Thursday, August 13, 2009

You're Never Too Old to Look Great

I’m officially down 19.2 pounds at Weight Watchers. This summer’s vacations have definitely discombobulated me. Ironically, I actually lost weight while on the vacations, but re-entry into home life always triggers that mechanism inside me that thinks food will make me feel better. But… I’m still losing (albeit slowly), so that’s good.

I’ve decided I need to get a little more serious about my exercise regimen. In addition to adding two weight-lifting days to my weekly schedule, I’m also planning to increase my running plan. I replaced my worn-out sneakers with Asics Gel Nimbus running shoes (on zappos.com) and joined Map My Run to plot some outdoor routes for variety and challenge.

The shoes arrived at about the same time as this cold/allergy/whatever-it-is, so I’ve yet to try them out, and I’m chomping at the bit to give them a whirl.

Vacation photos are a cruel reminder that while I’ve lost a significant amount of weight, I am not finished yet. In fact, 10 more pounds may not cut it.

My immediate goal is to get my 20-lb. star from Estelle at the next WW meeting. Following that milestone, another 10-lb. drop will take me to my formal “goal,” and I will need to decide at that point if I want to stay put or keep going.

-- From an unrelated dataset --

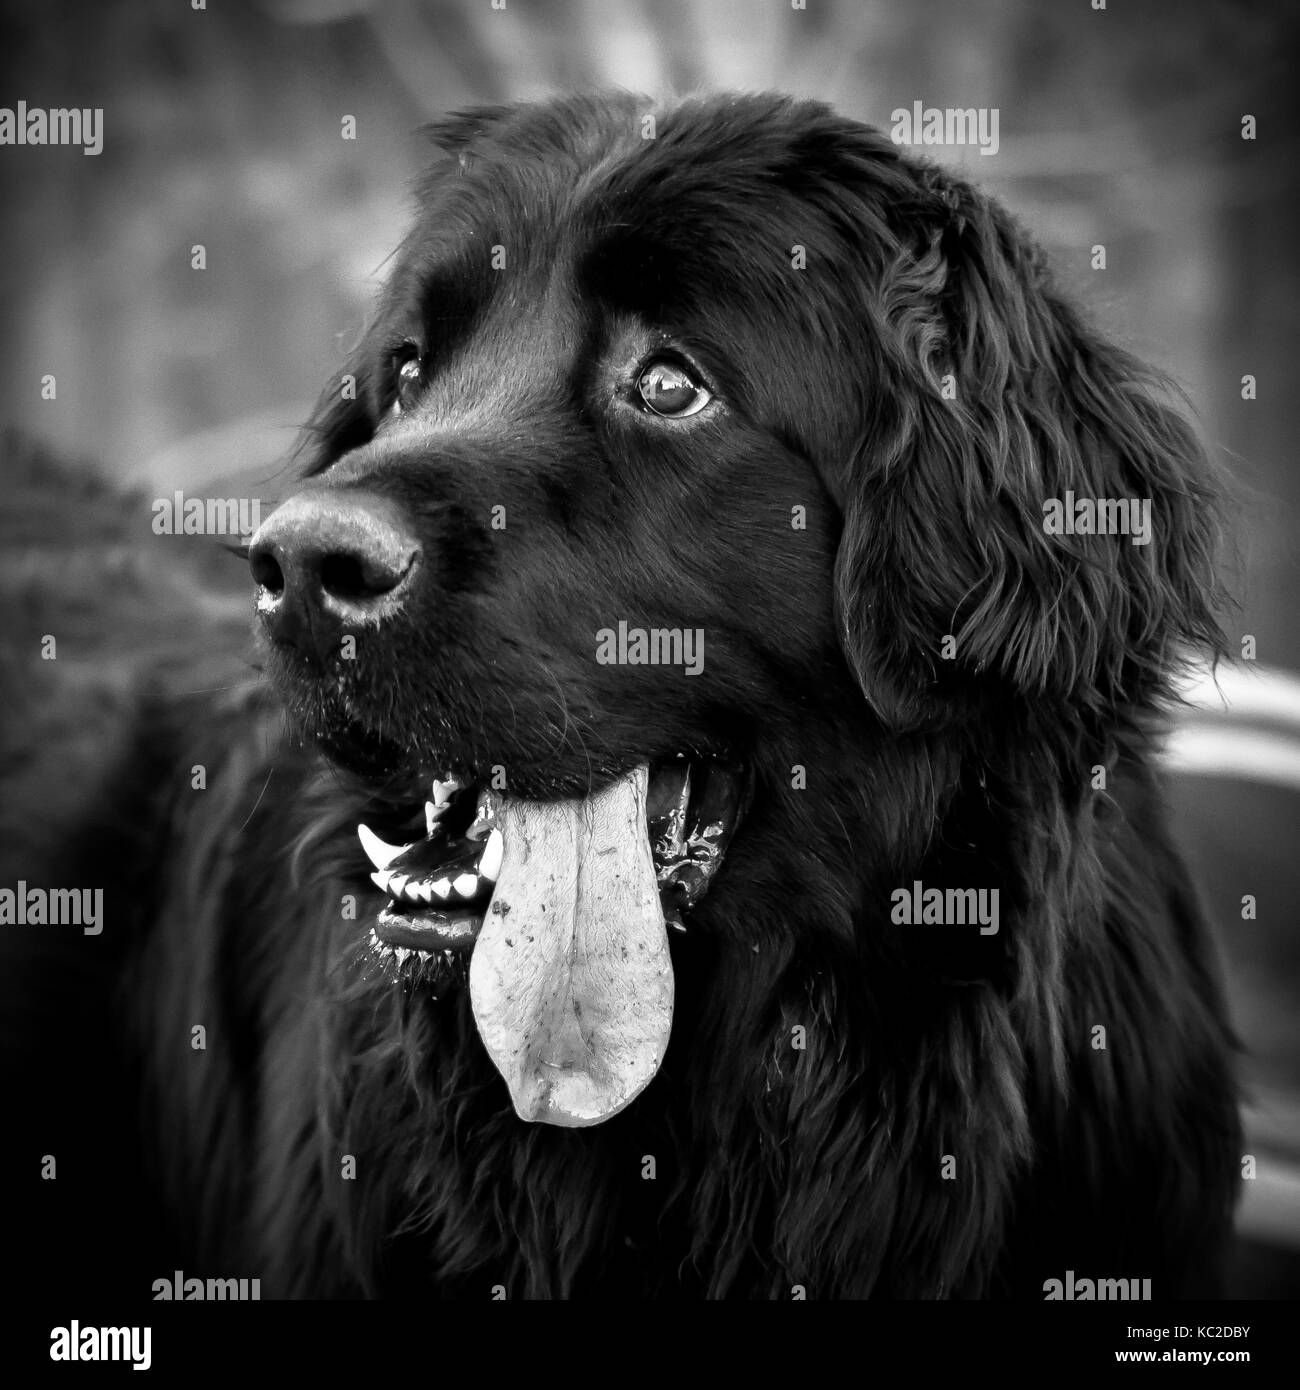 Head shot noir et blanc d'un chien Terre-Neuve noir ludique avec la langue qui sort. Banque D'Images
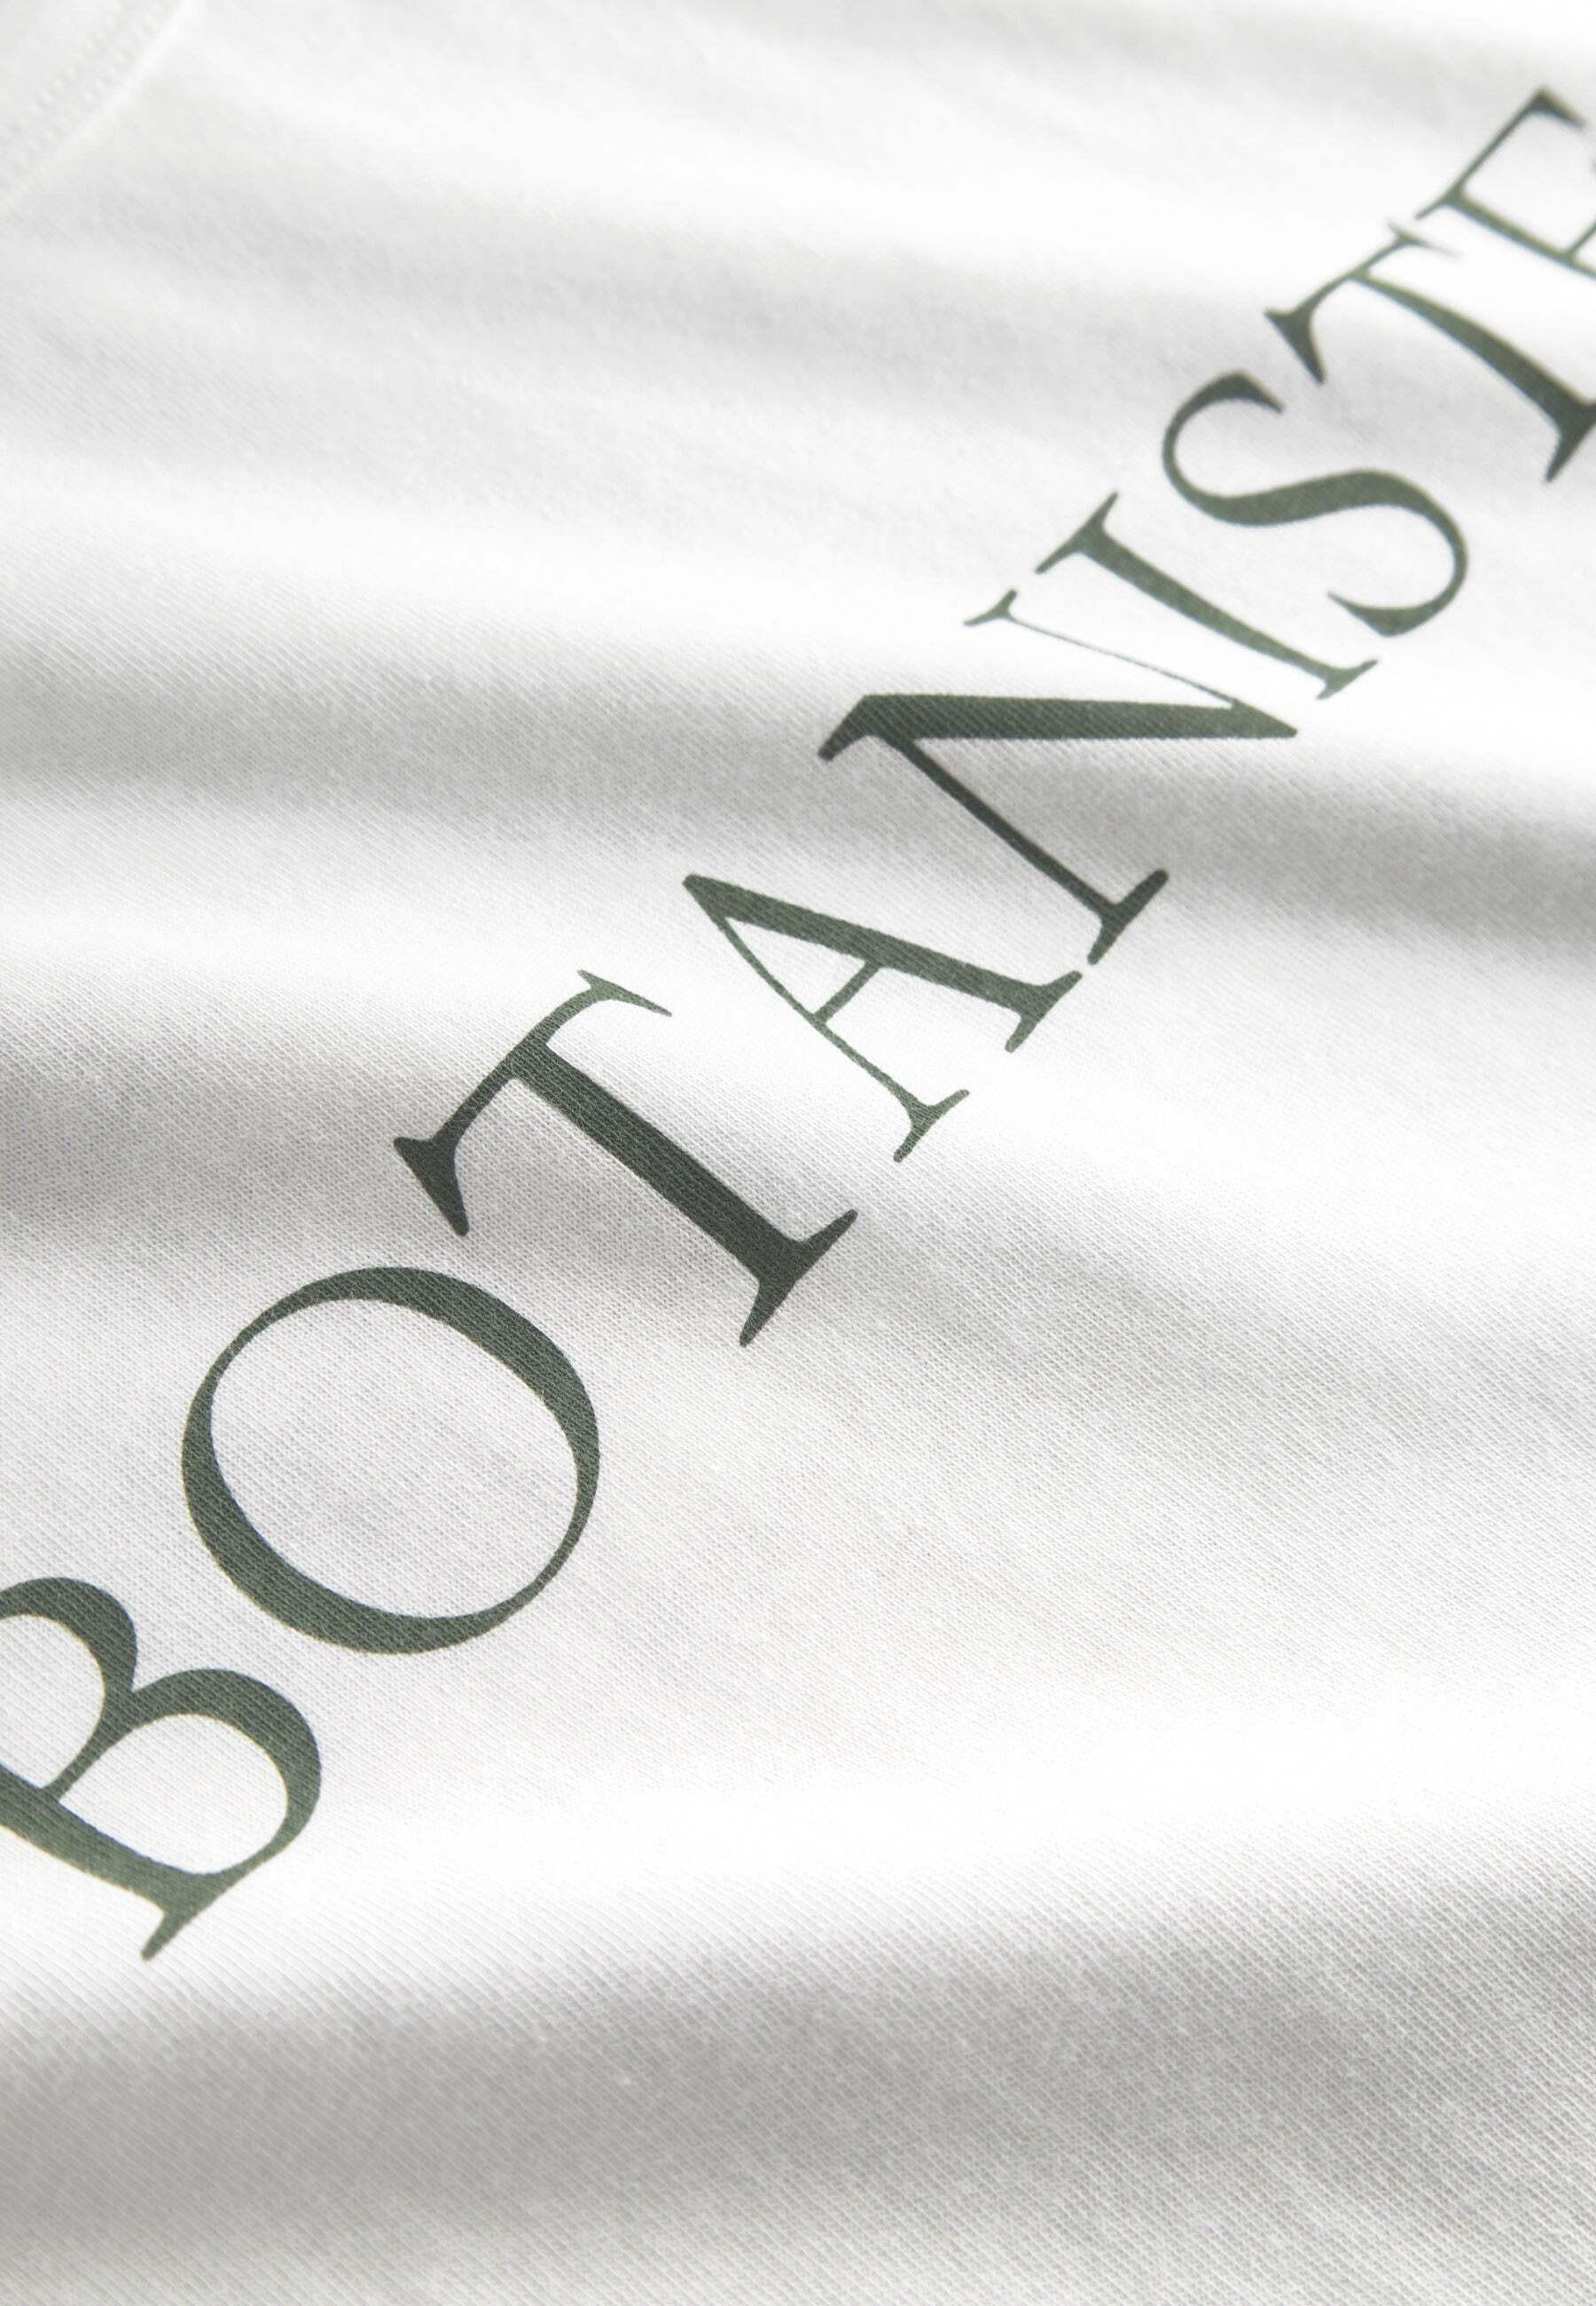 Colours & Sons  T-Shirts Botaniste

I’m afraid I won’t be able to lose more than 10 pounds, so, rather than fail, I set my sights low. I just can’t visualize being that thin again. Moms aren’t supposed to be thin and sexy, right? If I feel too sexy, maybe I’ll act inappropriately or want to dress like girls half my age. I’m damned to these matronly tankinis now, aren’t I? Shouldn’t my body match?

Ugh… stuck in the muck… how do I get rid of these pesky beliefs?